# Work to complete
From the line with "short wedding hairstyles with floral crown" to the end of the data below, restate each line word for word, both ends included, without the pictures.

# Collected data
========================================
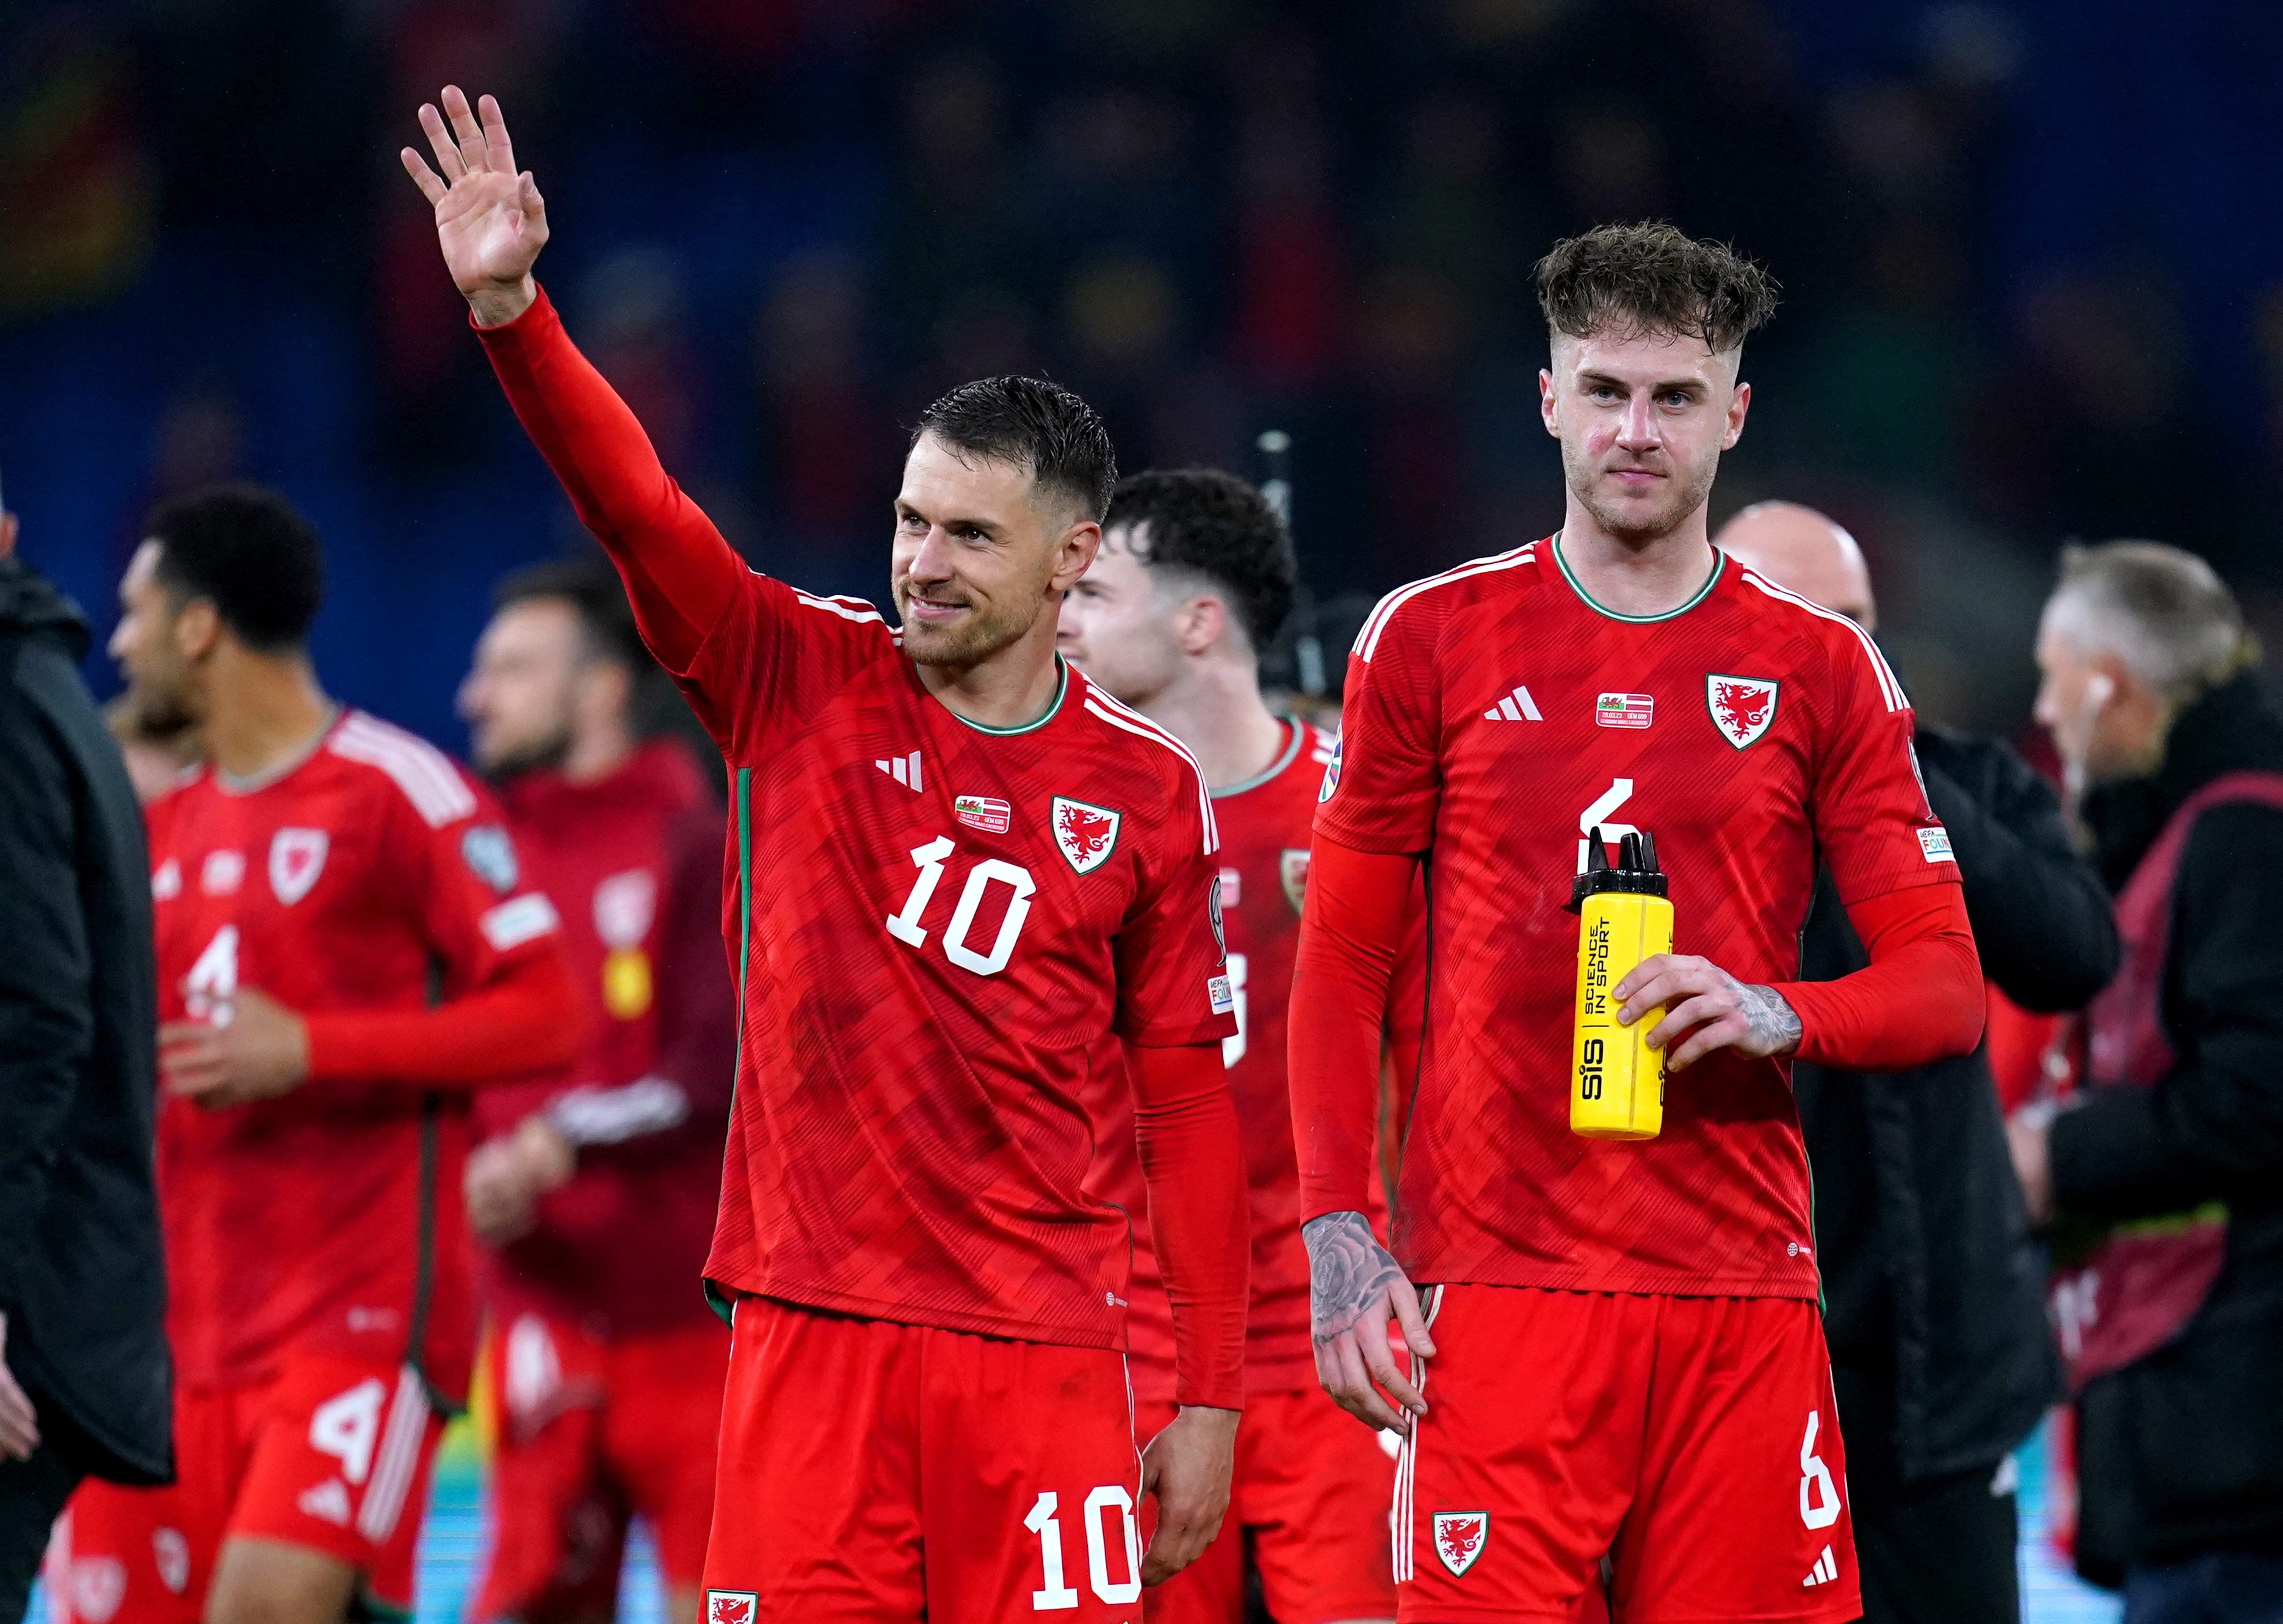 Cardiff City: Big Aaron Ramsey news may benefit one particular
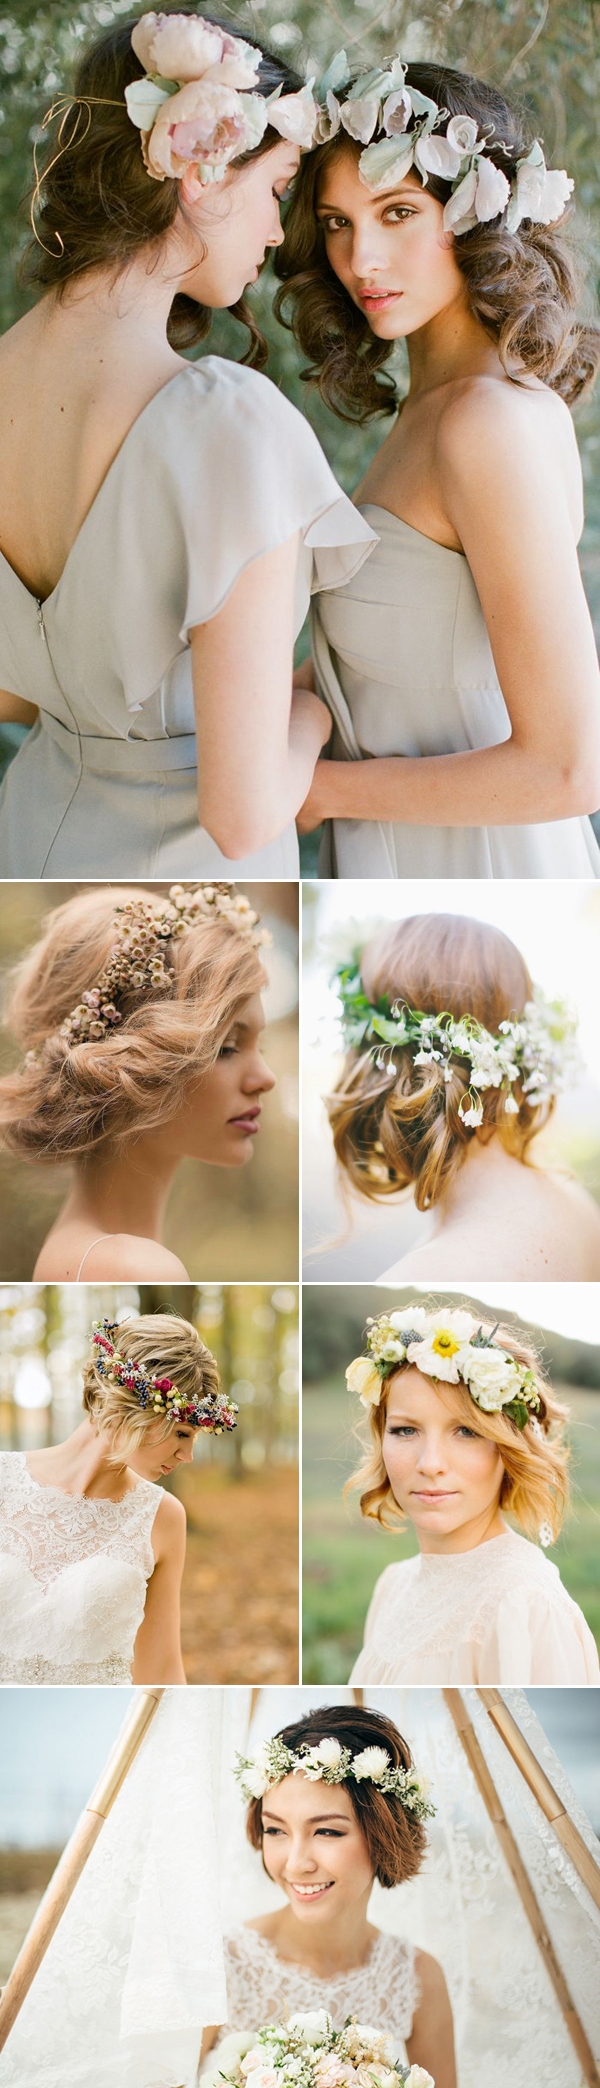 short wedding hairstyles with floral crown
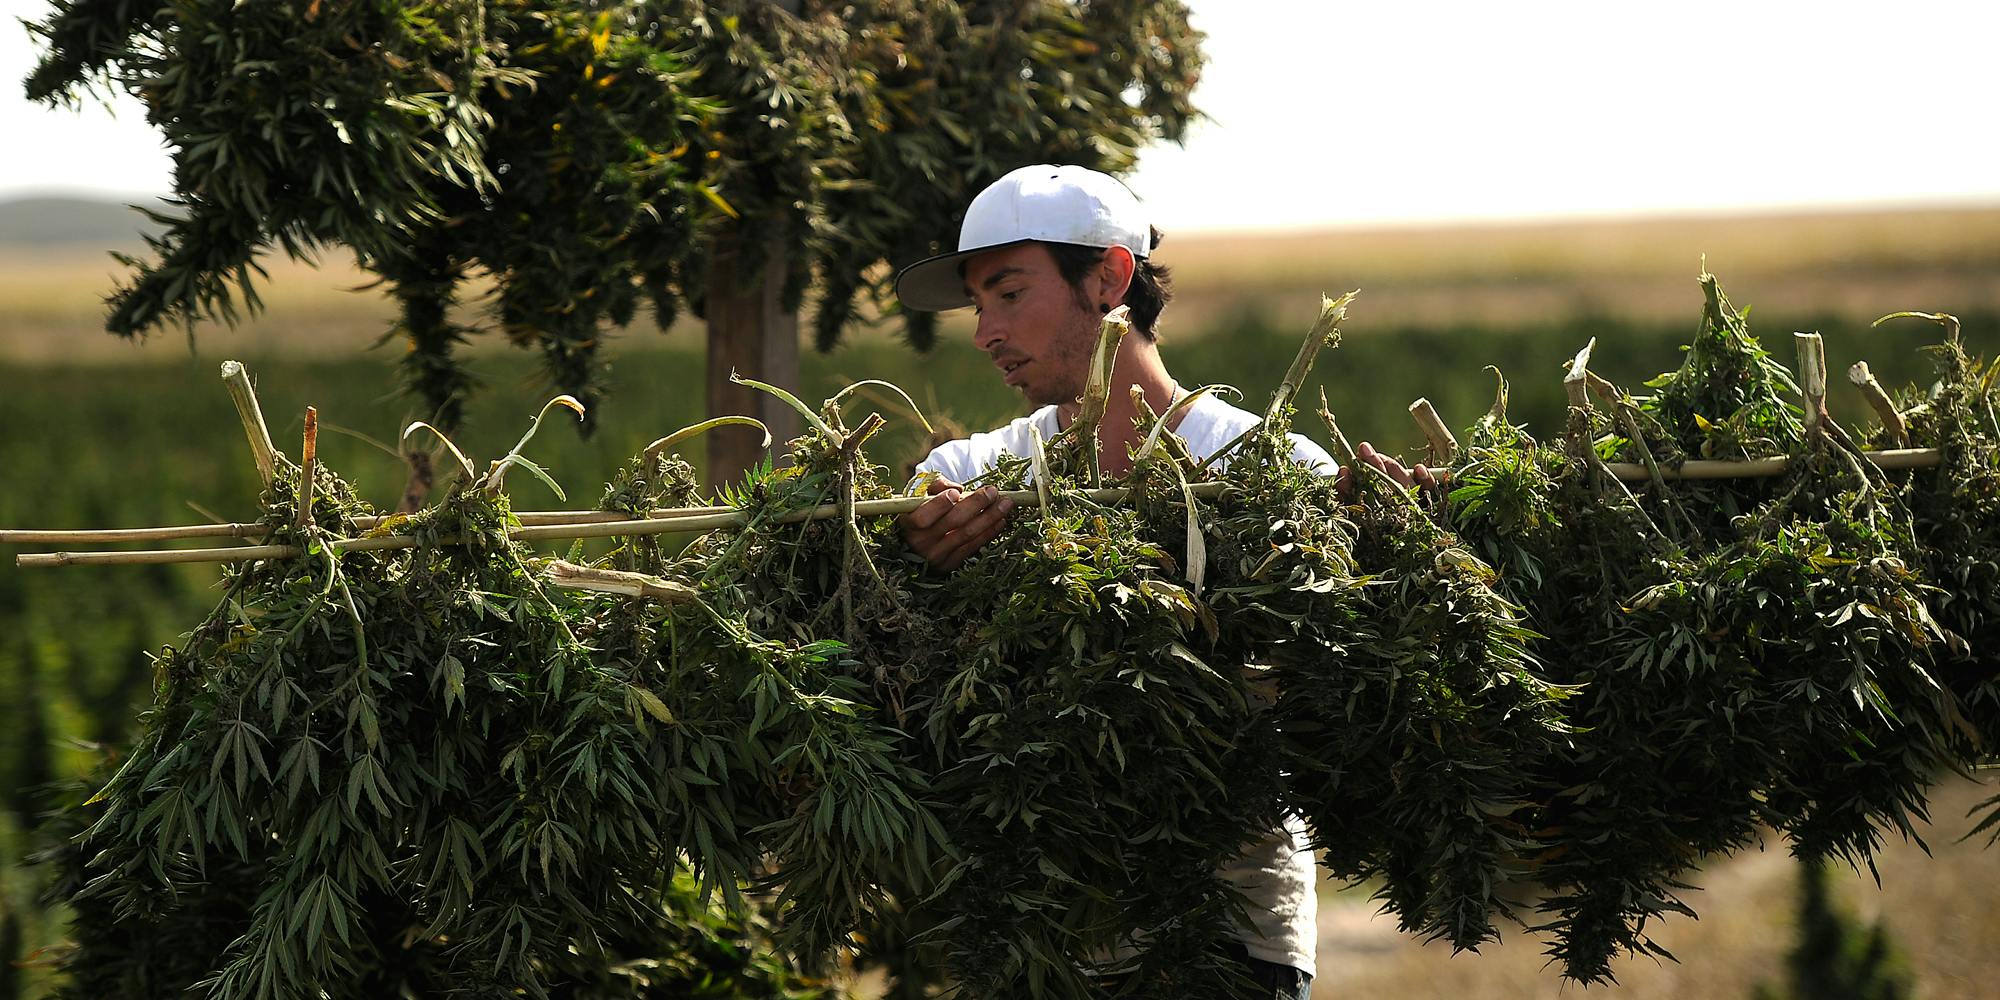 A Government Reports Finds There Are Health Risks To Cannabis Cultivation
========================================
# Your response
 short wedding hairstyles with floral crown
 A Government Reports Finds There Are Health Risks To Cannabis Cultivation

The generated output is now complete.